Une pièce du répertoire romantique met bien en lumière cette caractéristique : On ne badine pas avec l’amour d’Alfred de Musset.

Alfred de Musset On ne badine pas avec l’amour drame romantique théâtre Légende

On ne badine pas avec l’amour est une pièce de Musset publiée en 1834 et créée (c’est-à-dire jouée pour la première fois) en 1861.

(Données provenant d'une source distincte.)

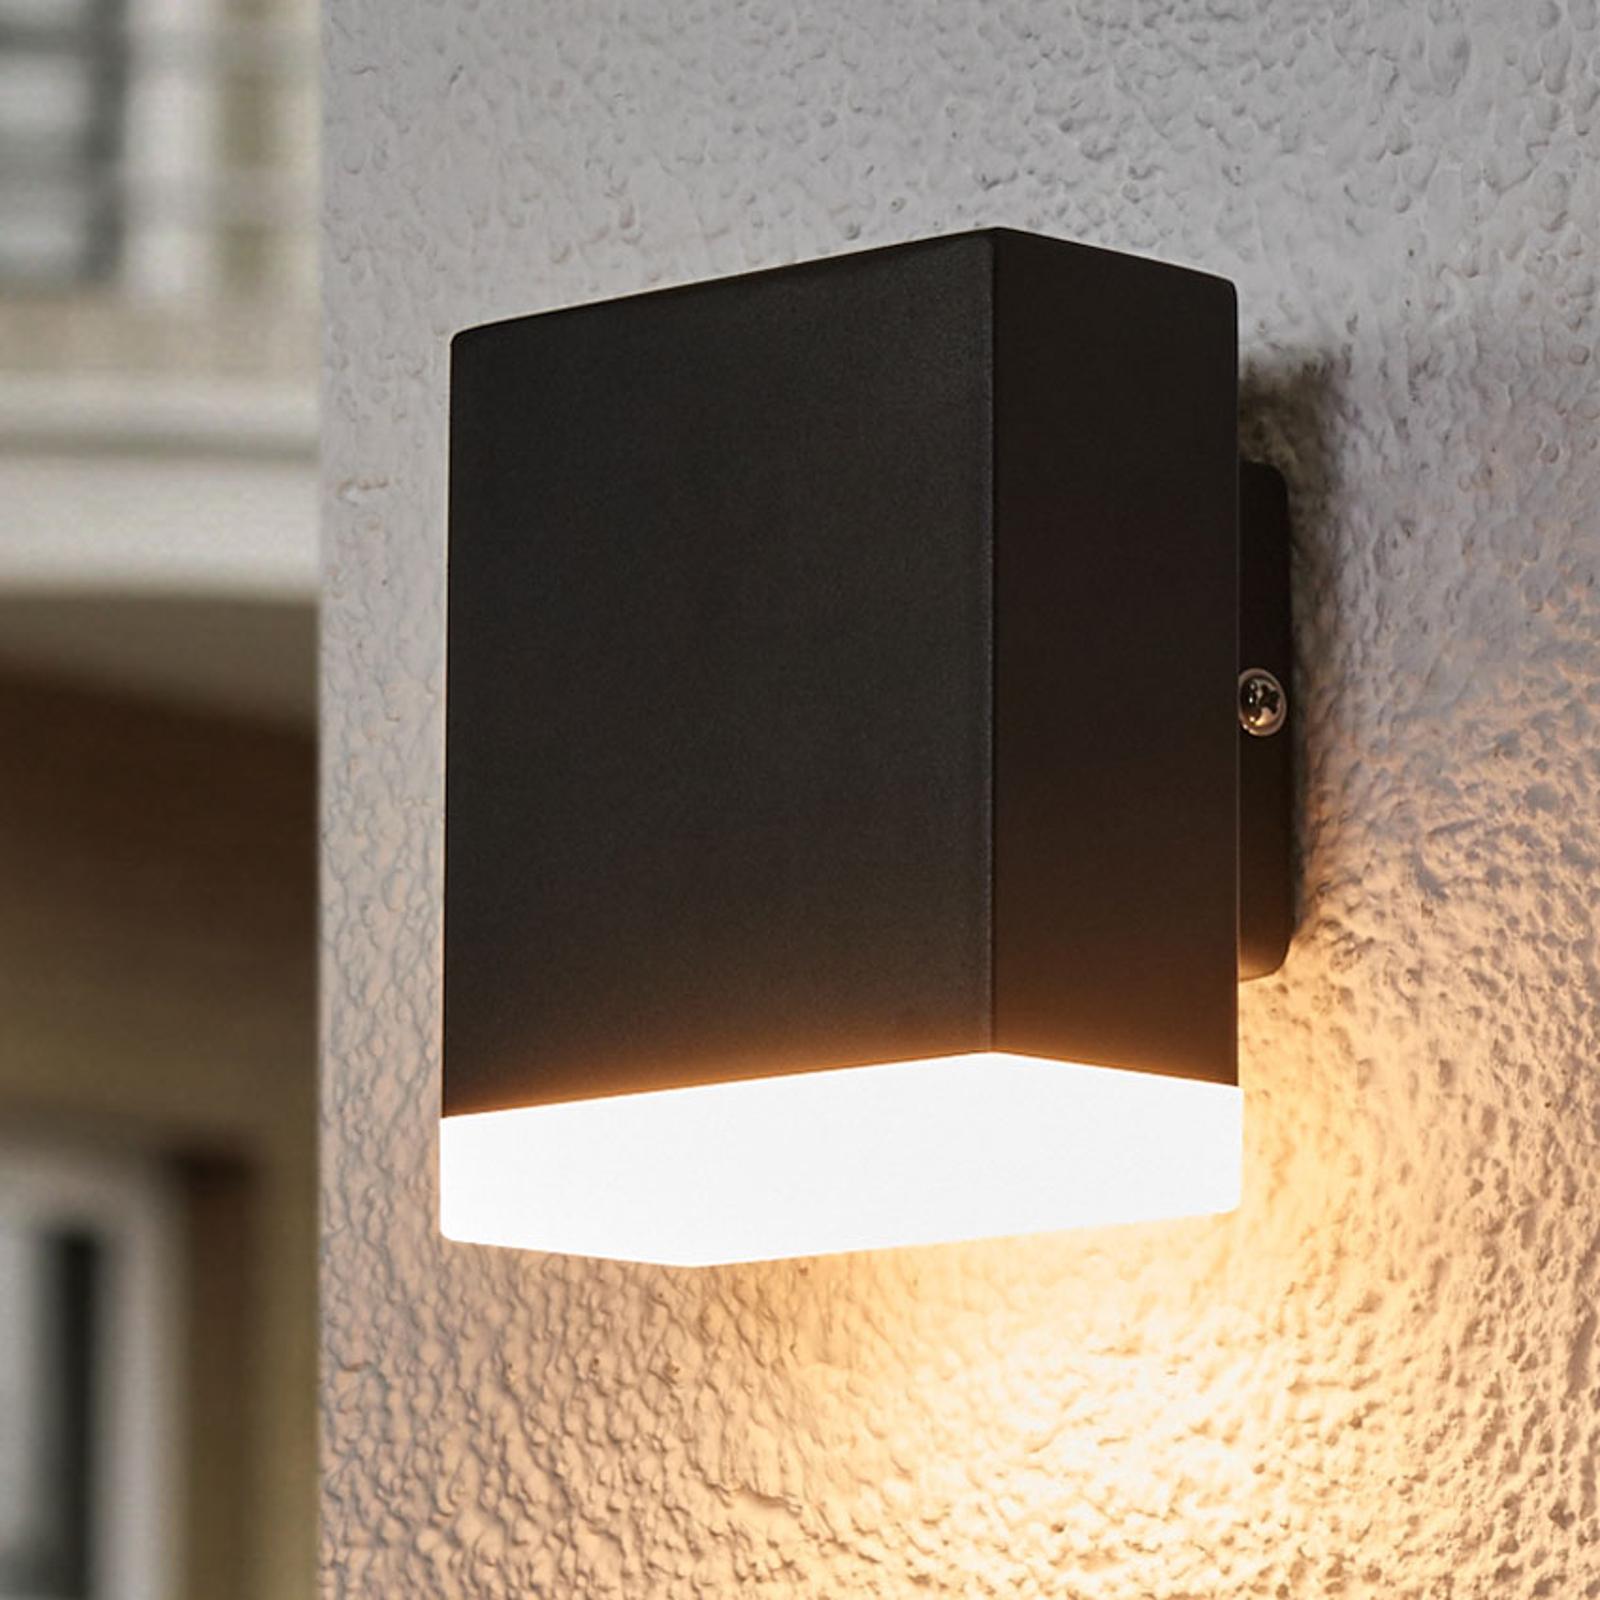 Nowoczesna lampa zewnętrzna LED Aya, czarna

Après dix ans d’absence, Perdican, brillant jeune homme, rentre au château paternel en compagnie de maître Blazius. Il doit épouser sa cousine Camille rendue froide, tant par une éducation religieuse, que par sa gouvernante dame Pluche. Les retrouvailles sont décevantes. Camille, bien que troublée par son cousin, aspire à un amour absolu et idéal et redoute la désillusion.
Perdican éconduit, cherche à la rendre jalouse en courtisant Rosette. Les trois jeunes gens vont être pris au piège du jeu du badinage. Perdican et Camille finiront par déclarer dans une chapelle leur amour mutuel mais provoquent la mort de Rosette, de désespoir.

  • Cette mort tragique anéantit toute possibilité de dénouement heureux pour Camille et Perdican, qui victimes de leur orgueil, se disent adieu.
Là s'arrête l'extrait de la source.